2022 UK Seniors Championship

Tournament information
- Dates: 4–7 January 2022
- Venue: Bonus Arena
- City: Hull
- Country: England
- Organisation: World Seniors Tour
- Format: Seniors event
- Highest break: David Lilley (ENG) (109)

Final
- Champion: Peter Lines (ENG)
- Runner-up: David Lilley (ENG)
- Score: 4–1

= 2022 UK Seniors Championship =

The 2022 UK Seniors Championship was a seniors' snooker tournament that took place from 4 to 7 January 2022 at the Bonus Arena in Hull, England. It was the first World Seniors Tour event of the 2021–22 snooker season.

Michael Judge was the defending champion, having defeated Jimmy White 4–2 in the 2019 edition of the event. However, Judge lost 1–3 to Peter Lines in the first round. Lines went on to win the tournament, beating David Lilley 4–1 in the final.

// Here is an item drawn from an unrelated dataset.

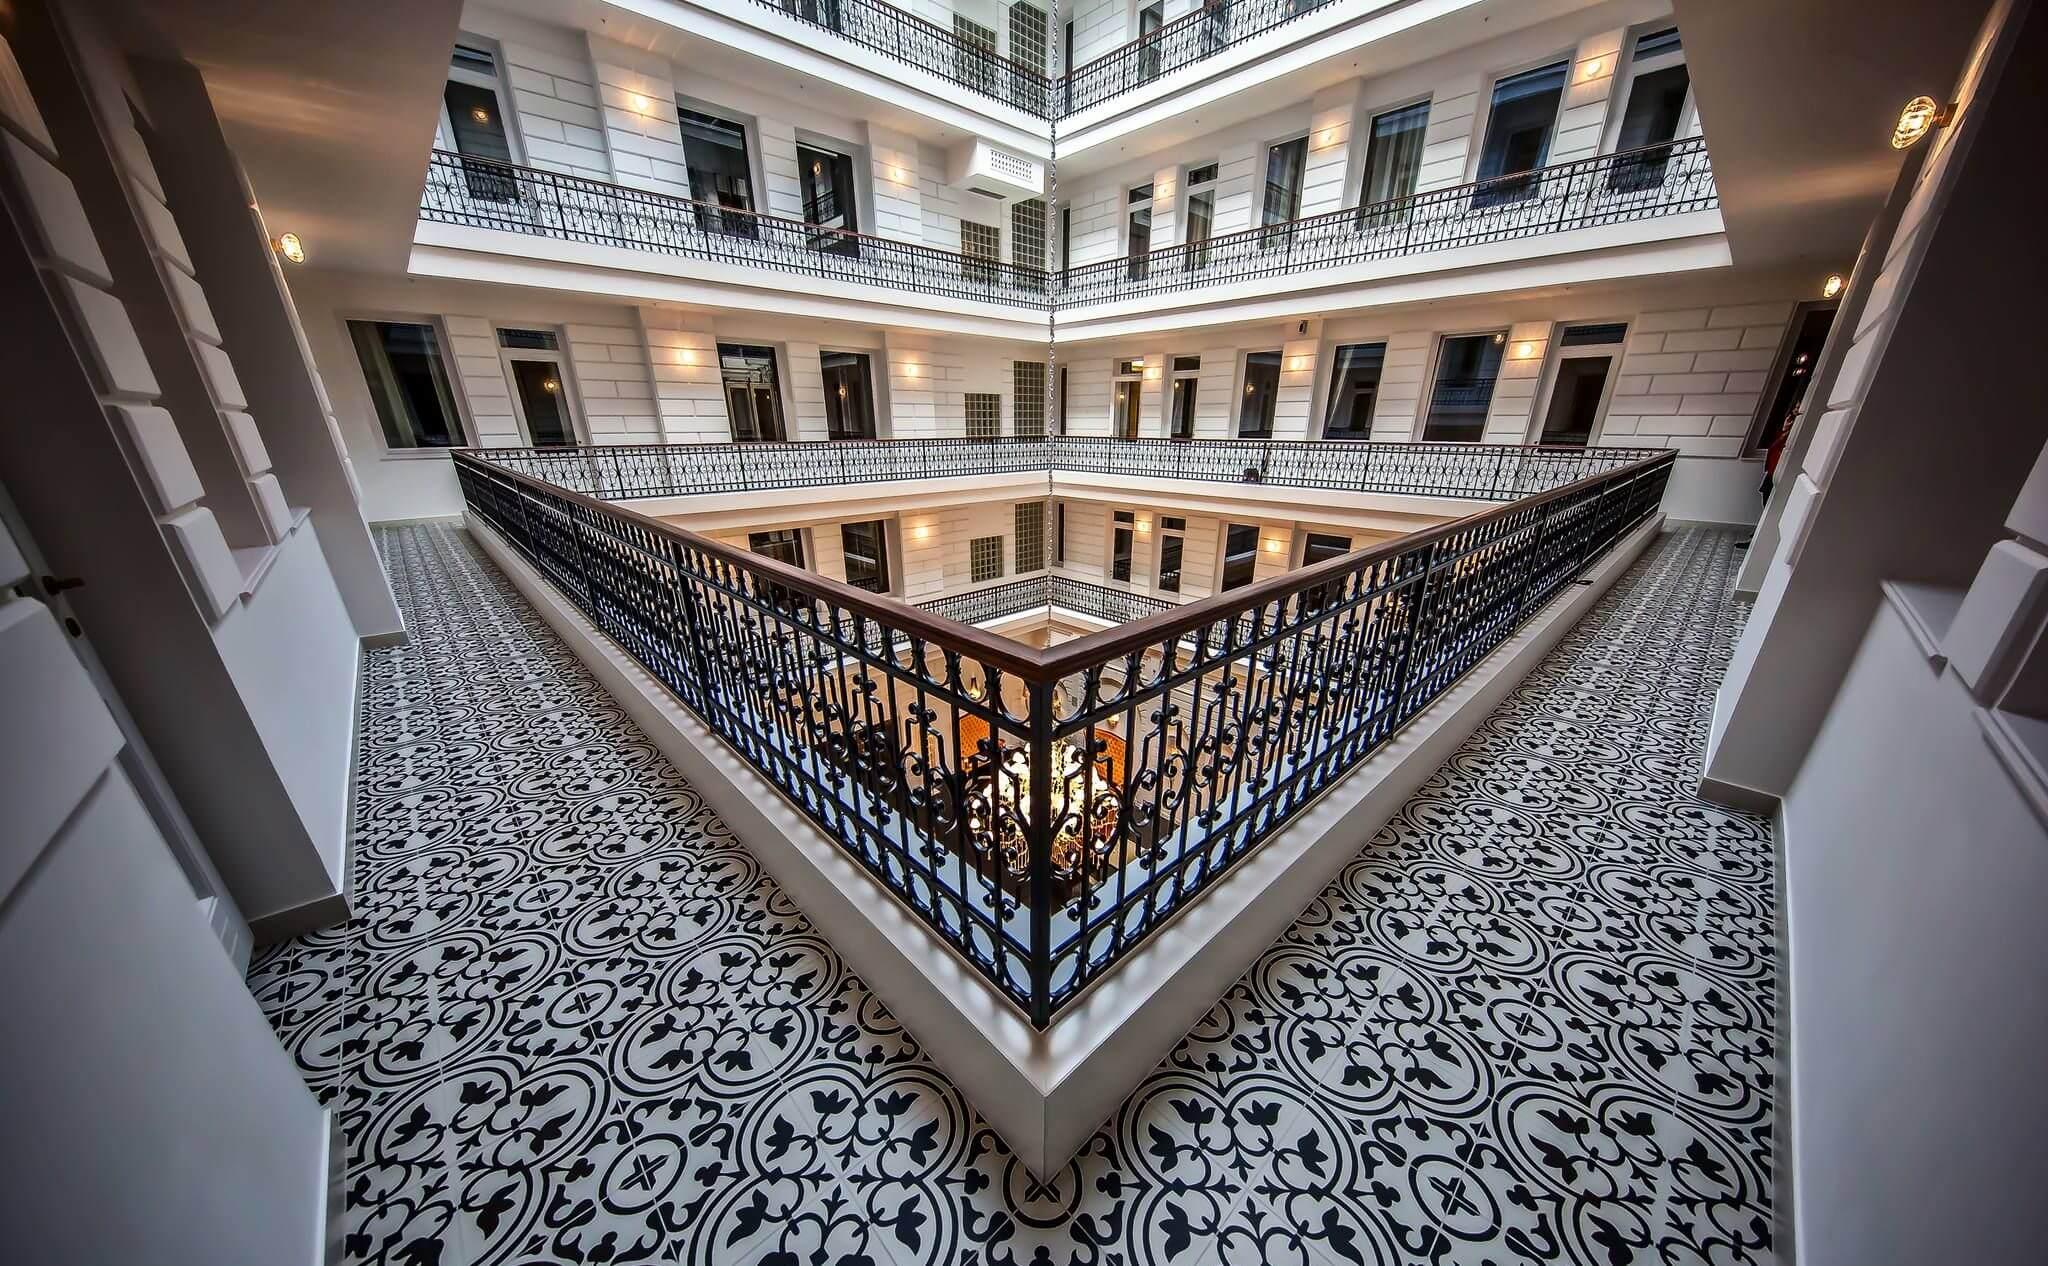 Prestige Hotel Budapest מלונות בבודפשט הונגריה מלון פרסטיז' 4 כוכבים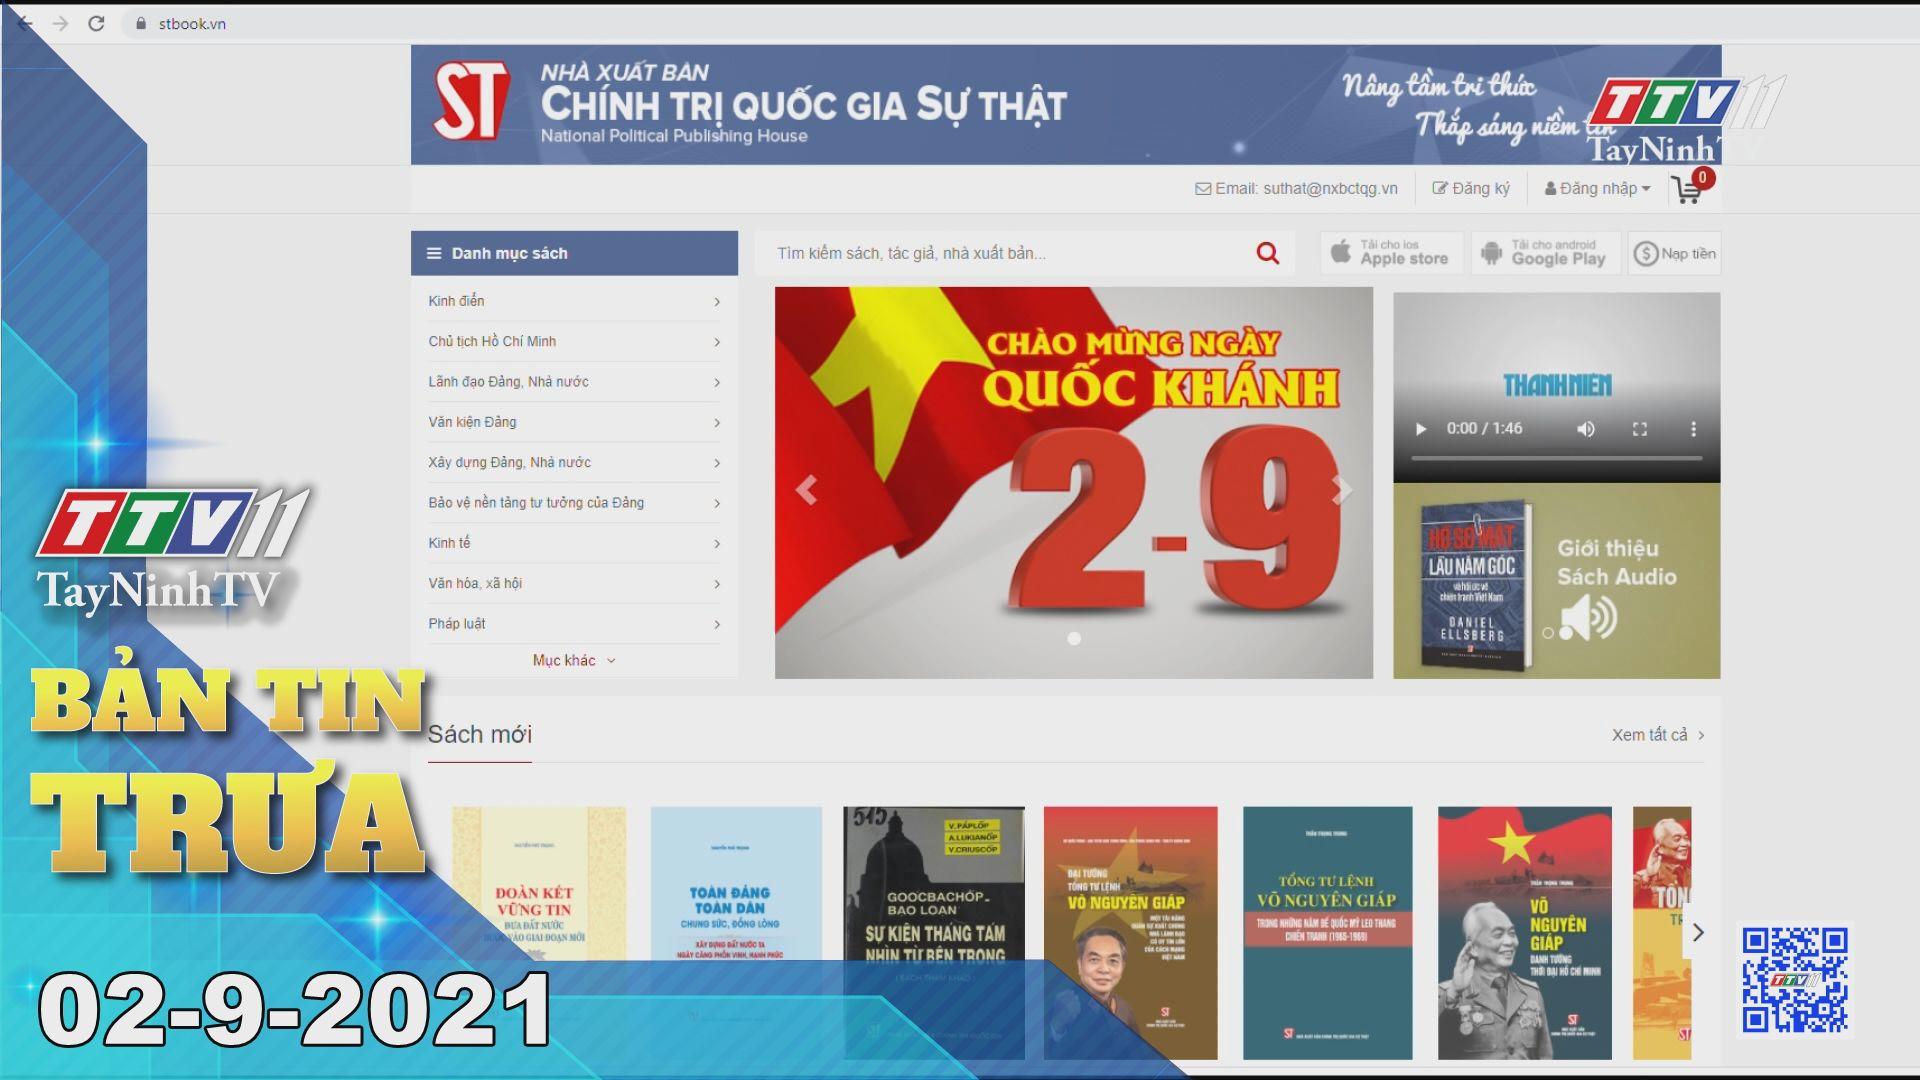 Bản tin trưa 02-9-2021 | Tin tức hôm nay | TayNinhTV

The tournament was the final event in which 1980 World Champion and three-time Masters champion Cliff Thorburn competed. He played his final match against Kuldesh Johal on 5 January 2022, eleven days before turning 74.

== Tournament draw ==
Below are the results for the main draw. Seedings are shown in the leftmost boxes, and match winners are denoted in bold.

===Final===

Final: Best of 7 frames. Referee: Michaela Tabb Bonus Arena, Hull, England, 7 January 2022
| Peter Lines England | 4–1 | David Lilley England |
Frame scores: 23–70, 67–66 (60 Lilley), 71–21, 58–25, 68–56
| 47 | Highest break | 60 |
| 0 | Century breaks | 0 |
| 0 | 50+ breaks | 1 |

== Century breaks ==
A total of 2 century breaks were made during the tournament.